8 The economic future of Malapascua and the region lies in its resplendent and amazing marine environment. It is therefore doubly tragic that locals have discovered the sad affinity for trinkets made of shells and corals, that some tourists display. The collection of shells and corals is having a very serious detrimental effect on the marine environment, and it may very well be illegal for to import these items into your own country. Politely refuse to buy and encourage vendors to instead sell bracelets, souvenirs made of wood, t-shirts or to braid hair, give massages or anything else. Selling off their future piecemeal is tragically shortsighted.

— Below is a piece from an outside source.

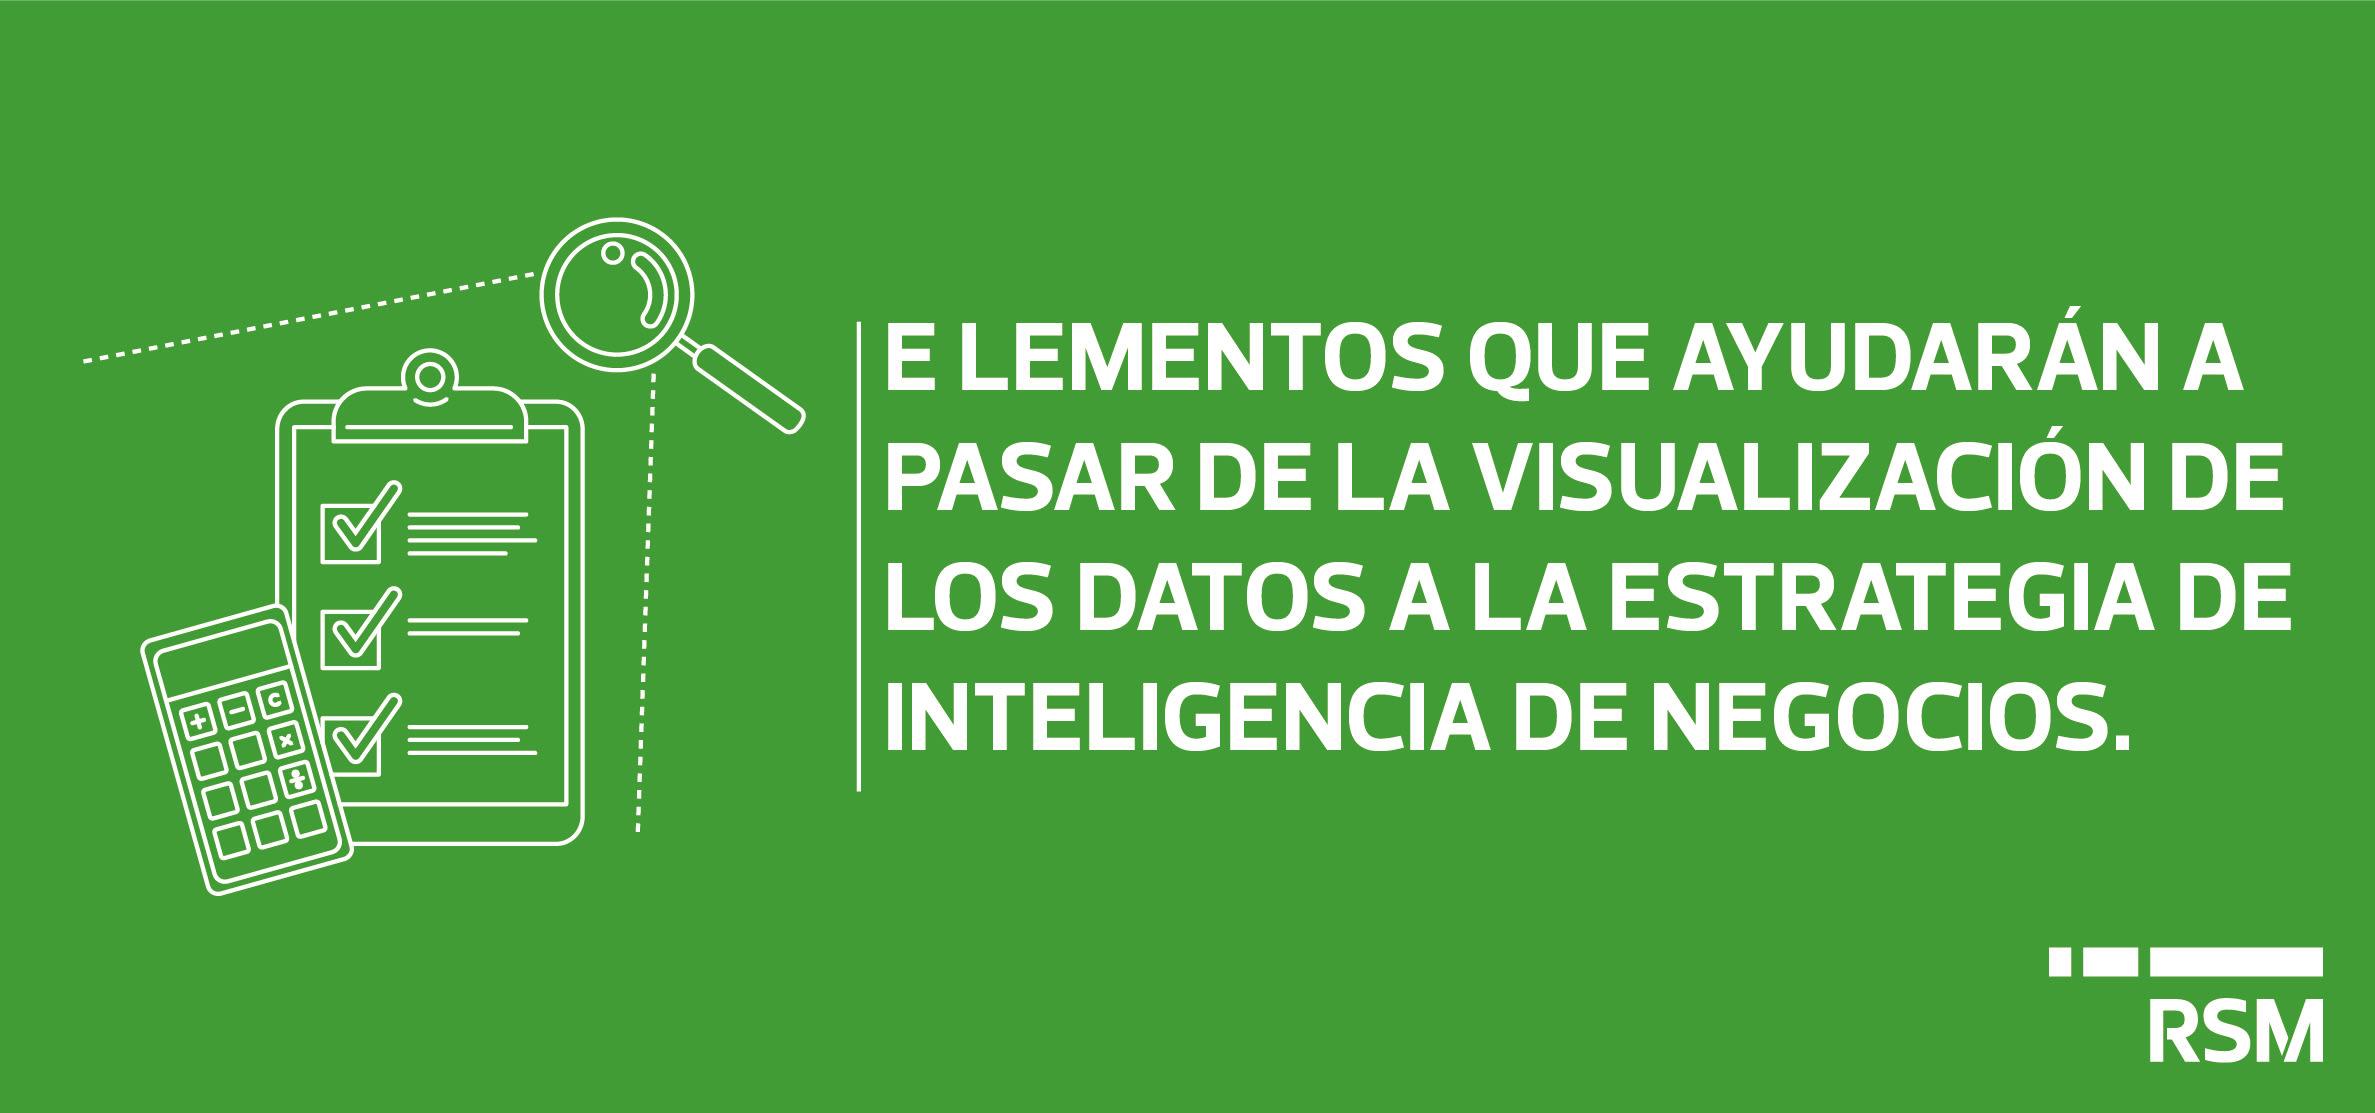 public://media/Lineas_negocio/consultoria/Insights/IMG/miniaturas_pagina_web_blogs-11.jpg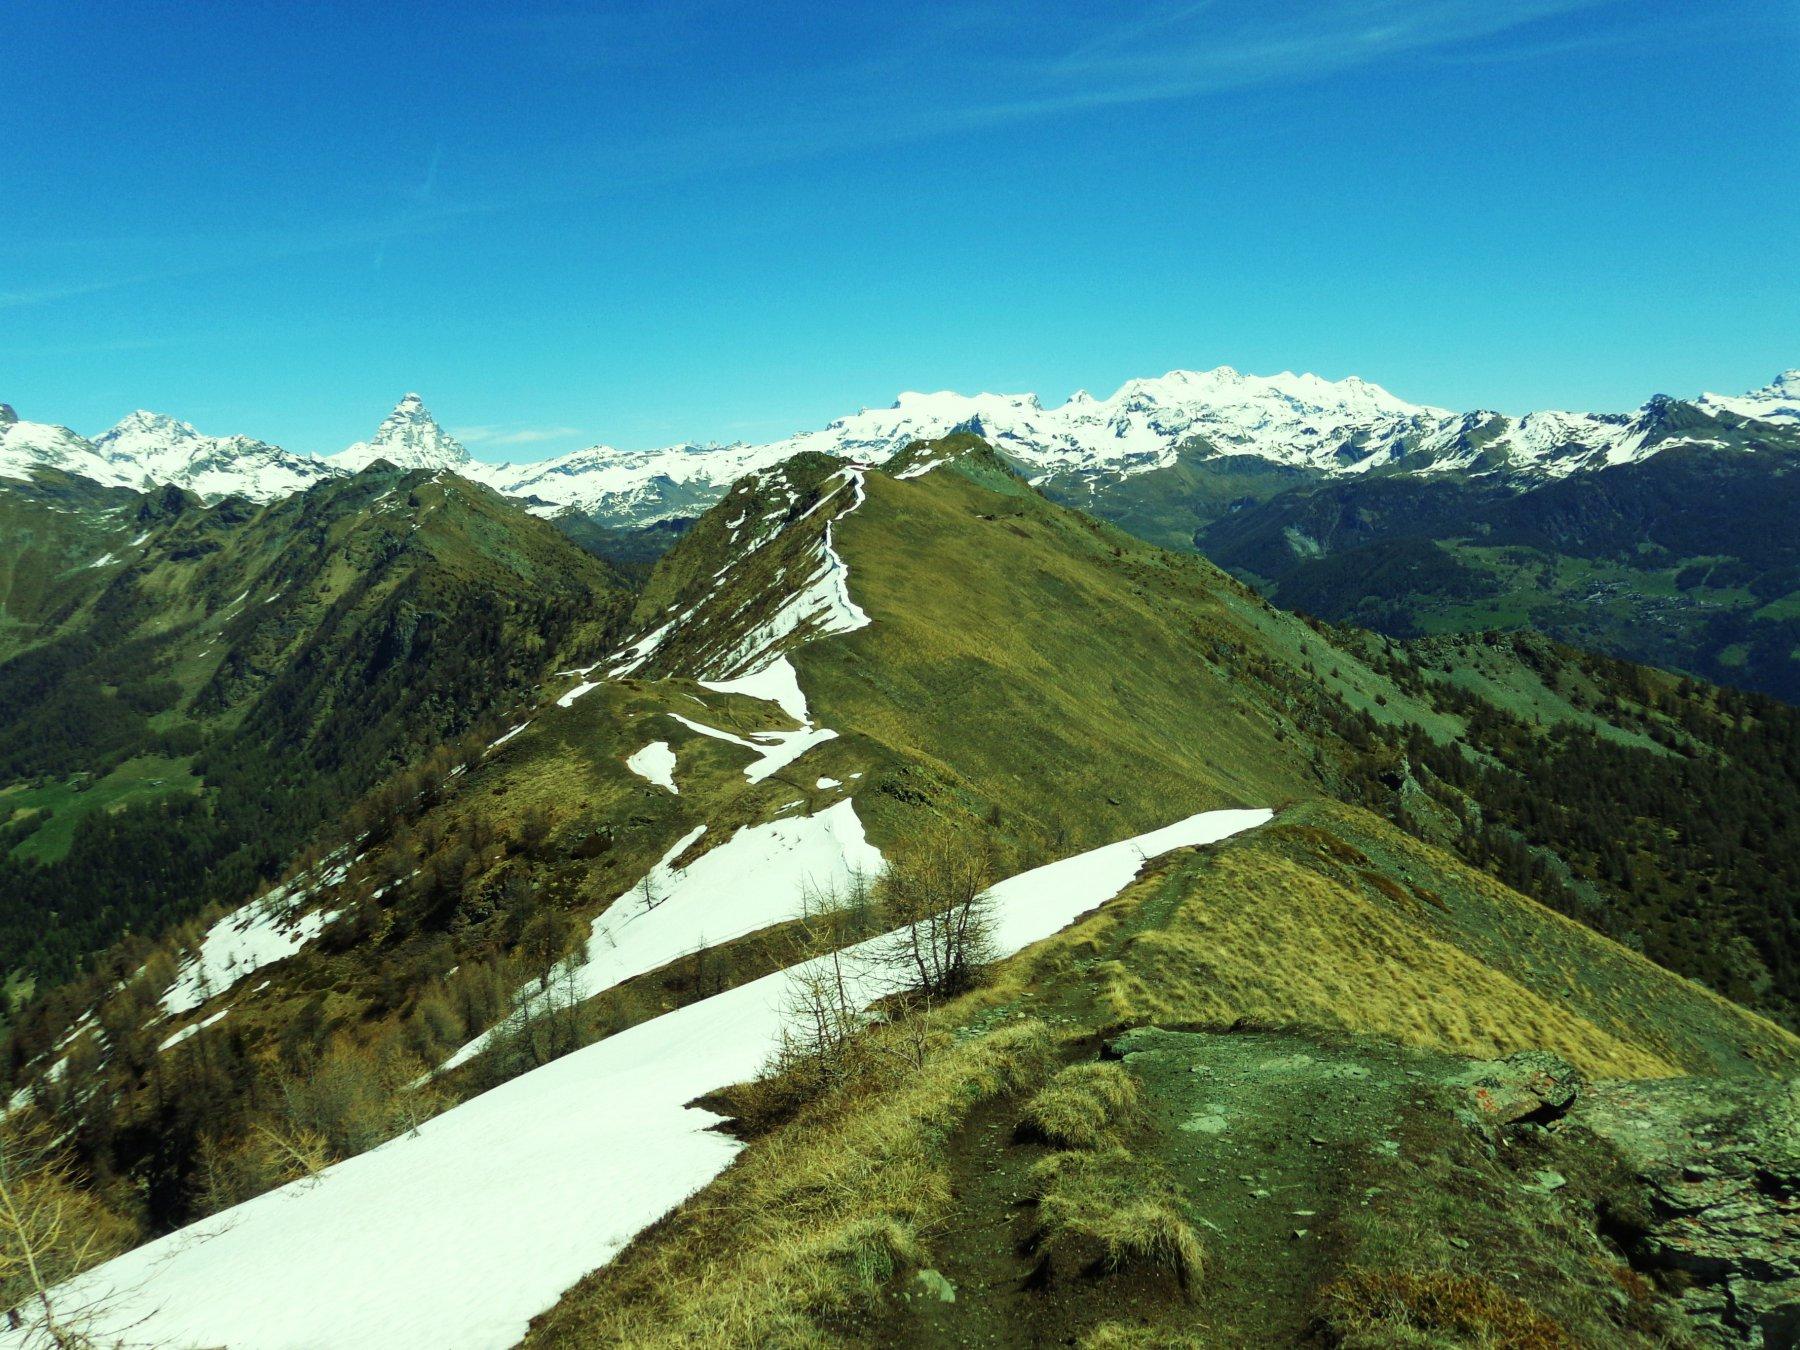 Sguardo verso la Becca d'Aver , Monte Rosa e Cervino da Cima Longhede

9 Recreational drugs have not really had an impact yet on Malapascua, and the locals are pleased to keep it that way. There is no “drug scene” whatsoever – people seeking this are much better off going to Koh Phangan or Goa. However, as always when there’s a perceived need, someone will eventually offer something if you persist. Just remember that you have no idea what you’re getting and chances are good that it’ll be growth hormones for pigs rather than what was expected…
10 Finally you should know that violent crime against tourists is unheard of on Malapascua, and simple theft is very rare. On small islands everyone knows everyone – and as such the social stigma of any wrongdoings would be almost unbearable. That said, there’s no reason not to exercise caution – don’t leave your valuables on the terrasse at night, lock your door when you leave the room and If you have a large sum of money (as you should have if you read advice #1) you should store it in a safety box.